Ski School 2 is a 1994 comedy film directed by David Mitchell and starring Dean Cameron. Its plot concerns a fictional ski school. The first film in the series, Ski School, also starred Cameron and was written by Mitchell.

Plot

When Dave Marshak (Cameron) learns his ex-girlfriend is getting married, he returns to ski school to stop it.

Cast
 Dean Cameron as Dave Marshak
 Heather Campbell as Beth Roberts
 Will Sasso as Tomcat Collins
 Bil Dwyer as Toddorbert
 Doug Copithorne as Alex
 Wendy Hamilton as Lola Schnitzelbank
 Brent Sheppard as Steve Longwood

Production
Ski School 2 was credited with being written by Jay Naples, but that name is speculated to be just a pseudonym for director David Mitchell, who wrote the first Ski School film. Indeed the name Jay Naples does not have any other writing or film credits listed on IMDB.

Filming took place in Vancouver, British Columbia, and on location at Whistler, British Columbia. It was also notable for being the film debut of both Bil Dwyer and Will Sasso. One viewer noted of Sasso, he was "clearly given no direction in some scenes, so you can see him in the background, pulling an insane series of faces while talking to no one."
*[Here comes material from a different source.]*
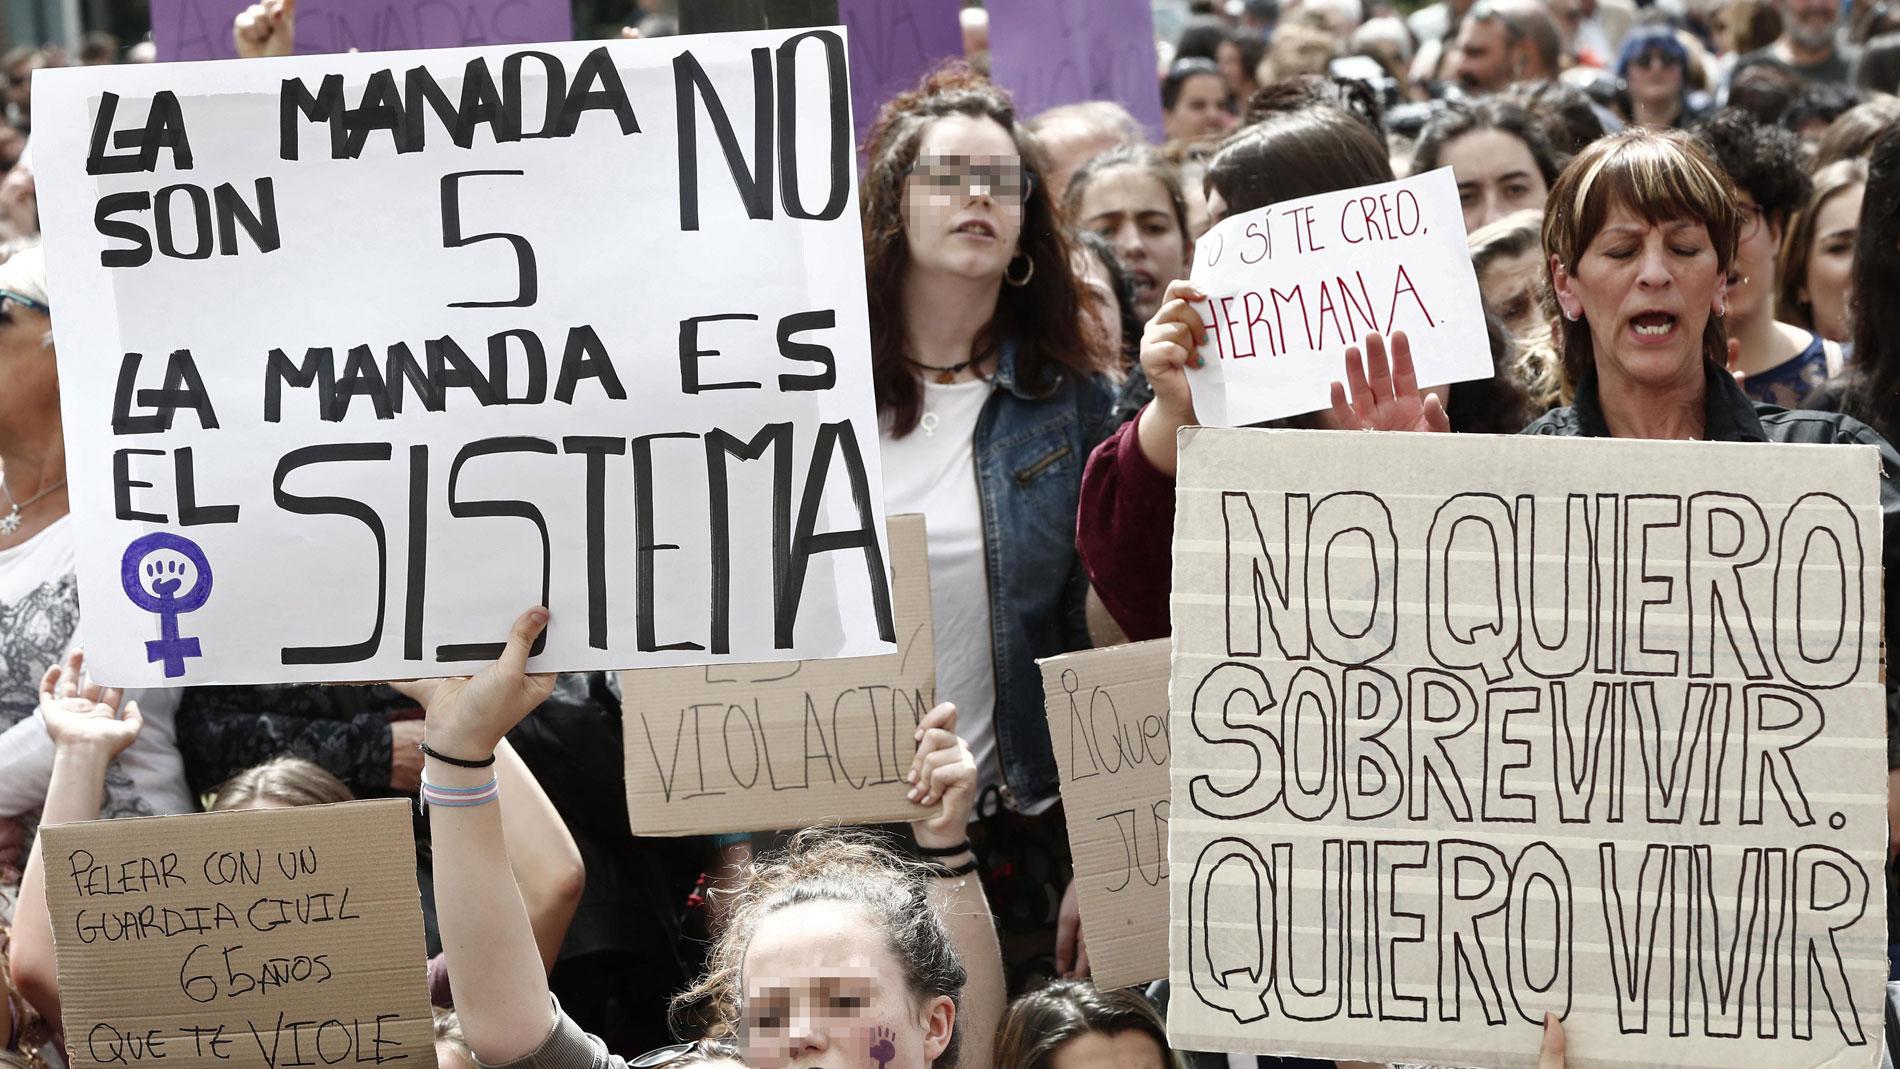 Protestas contra los jueces que absolvieron a La Manada de violación. RTVE
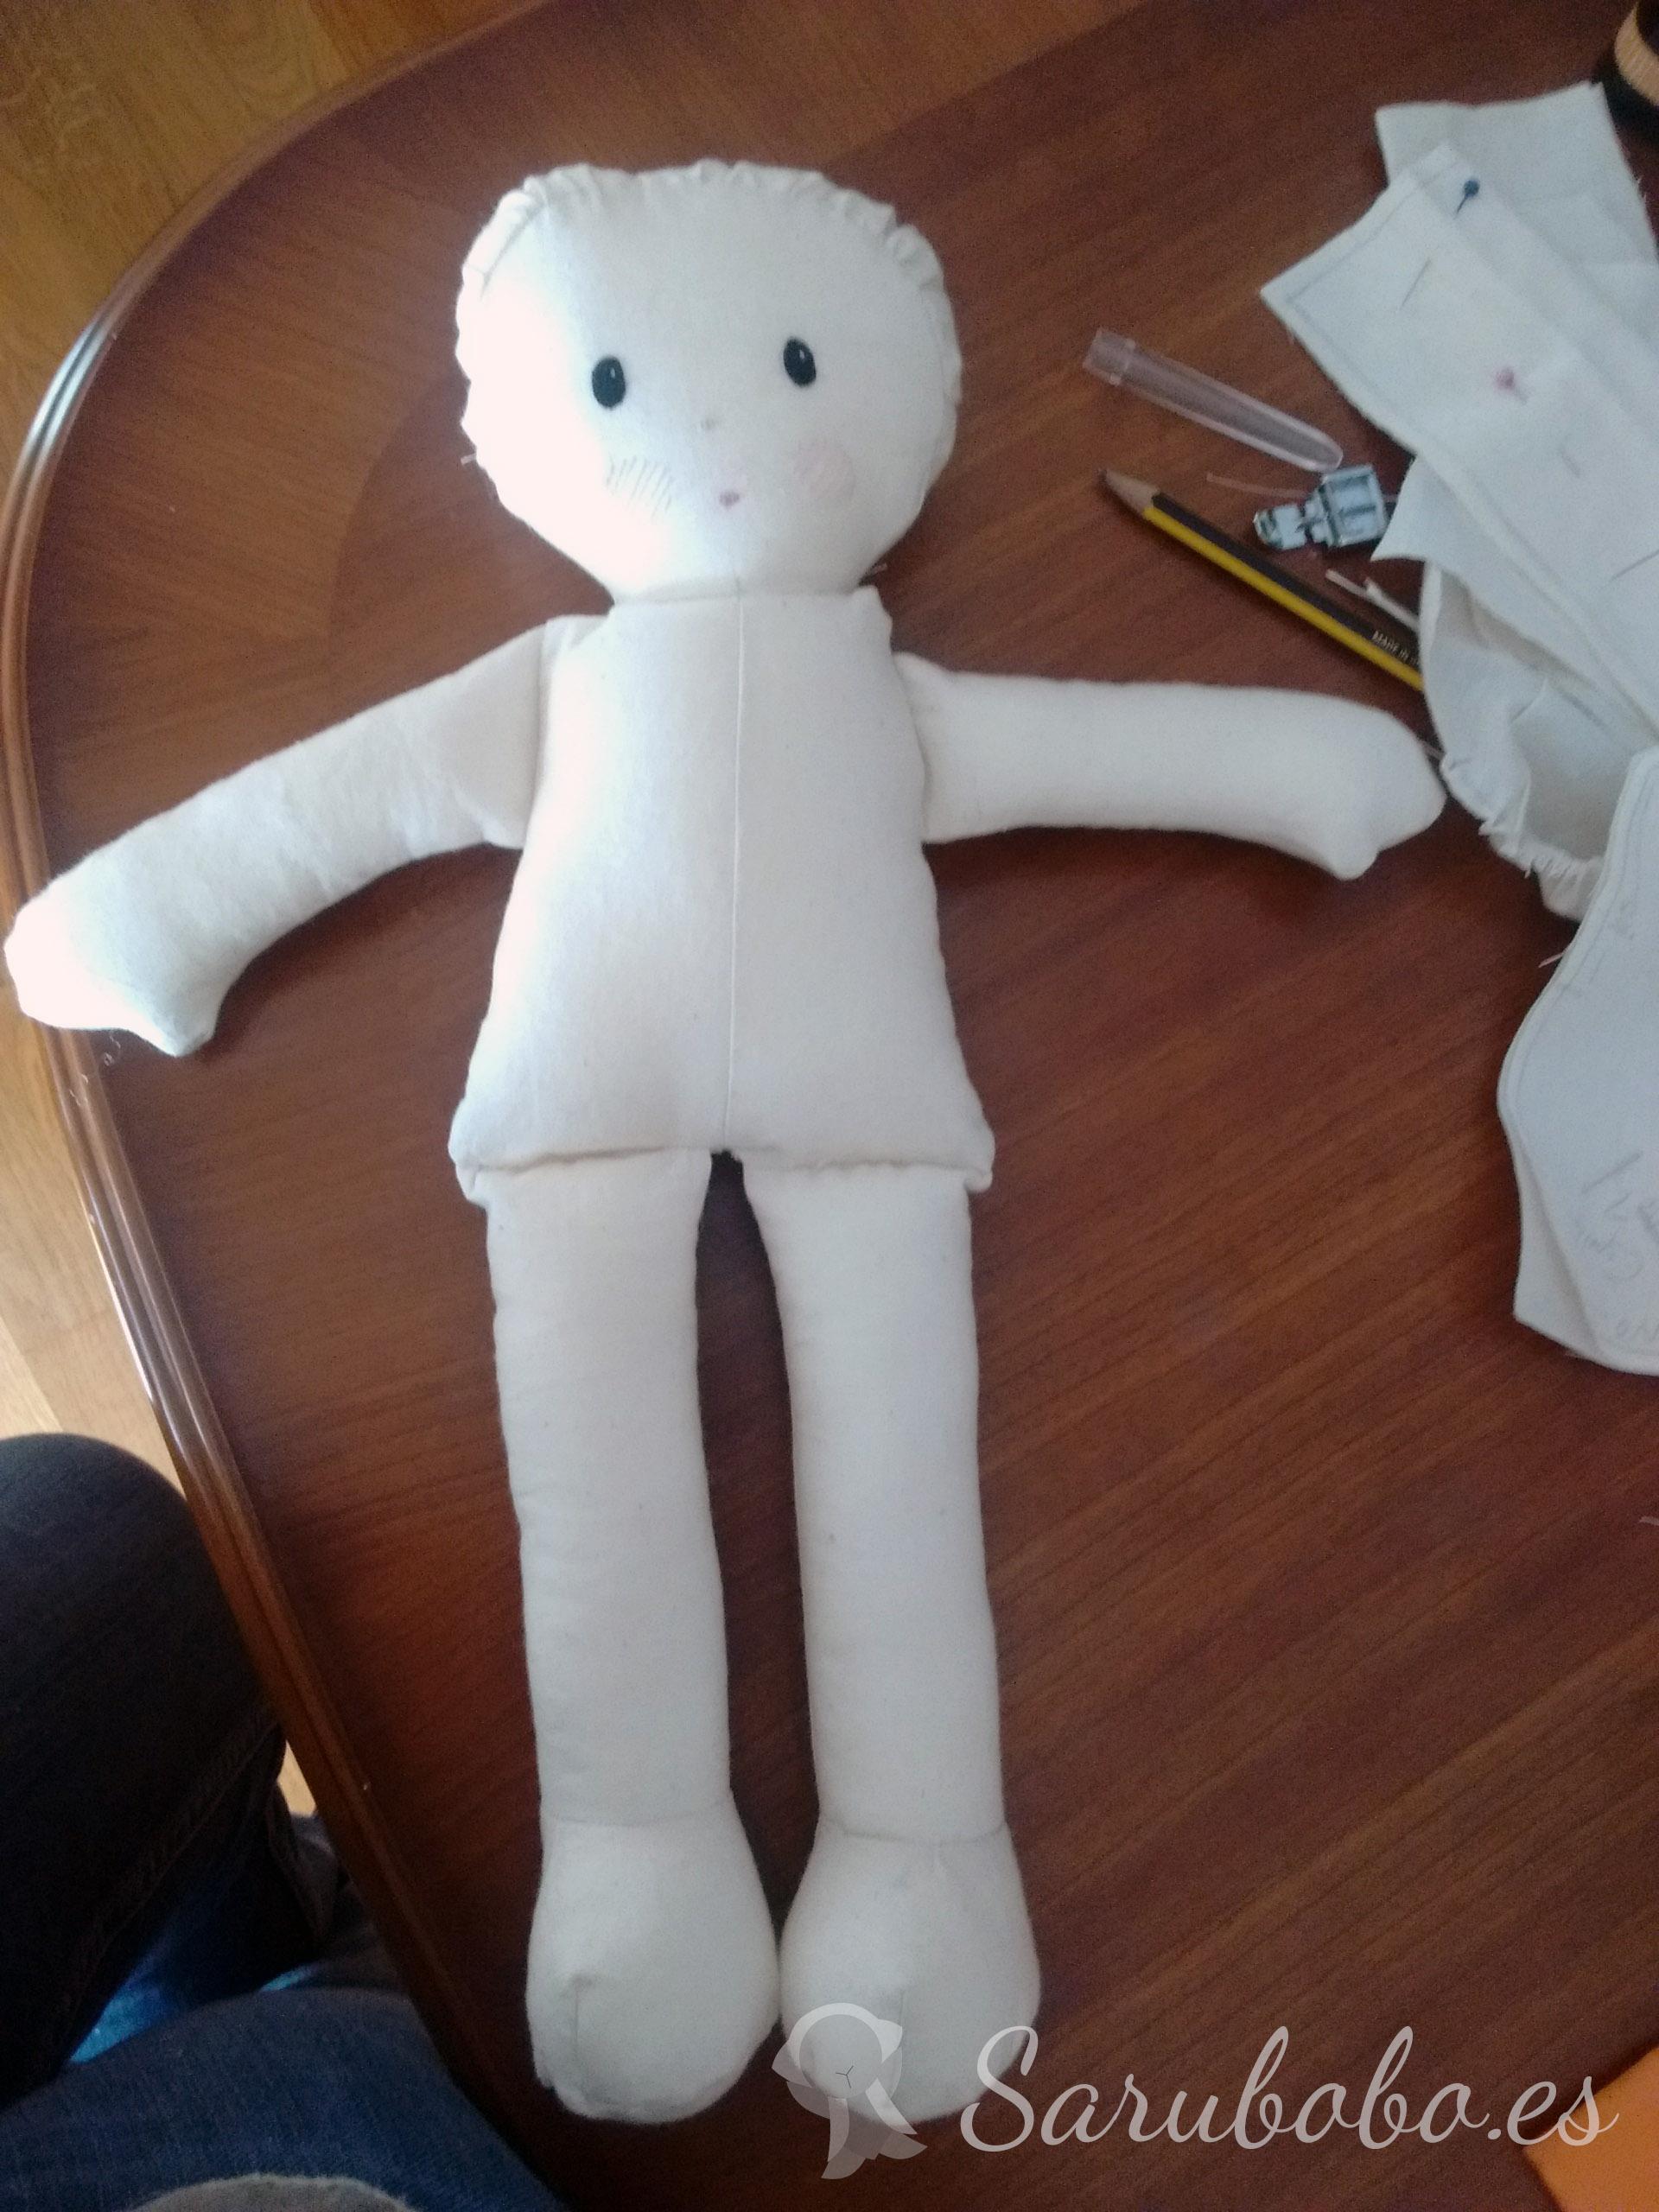 Cómo hacer muñecas de trapo. Tutorial   Sarubobo

Reflecting on why he agreed to star in the Ski School series, Dean Cameron recalled: "I wish the movies were more high profile. They offered it to me – and the script had some stuff in it that was subversive for the time. And I said to the producer and the writer, 'This movie is so stupid, we will have a great time making it.' We had a very good time doing that movie."

Stuart Fratkin, who co-starred as Fitz Fitzgerald in the first Ski School, was not asked reprise his role in the sequel because: "they couldn’t afford both Dean and me."

Skiing stunt work was done by Shane Szocs, who in 2006 was named to Powder magazine's list of 48 Skiers Who Shaped Our Sport.

Release
The film was released direct-to-video on February 21, 1994. A DVD was released by Screen Media on December 28, 2004 in pan and scan format.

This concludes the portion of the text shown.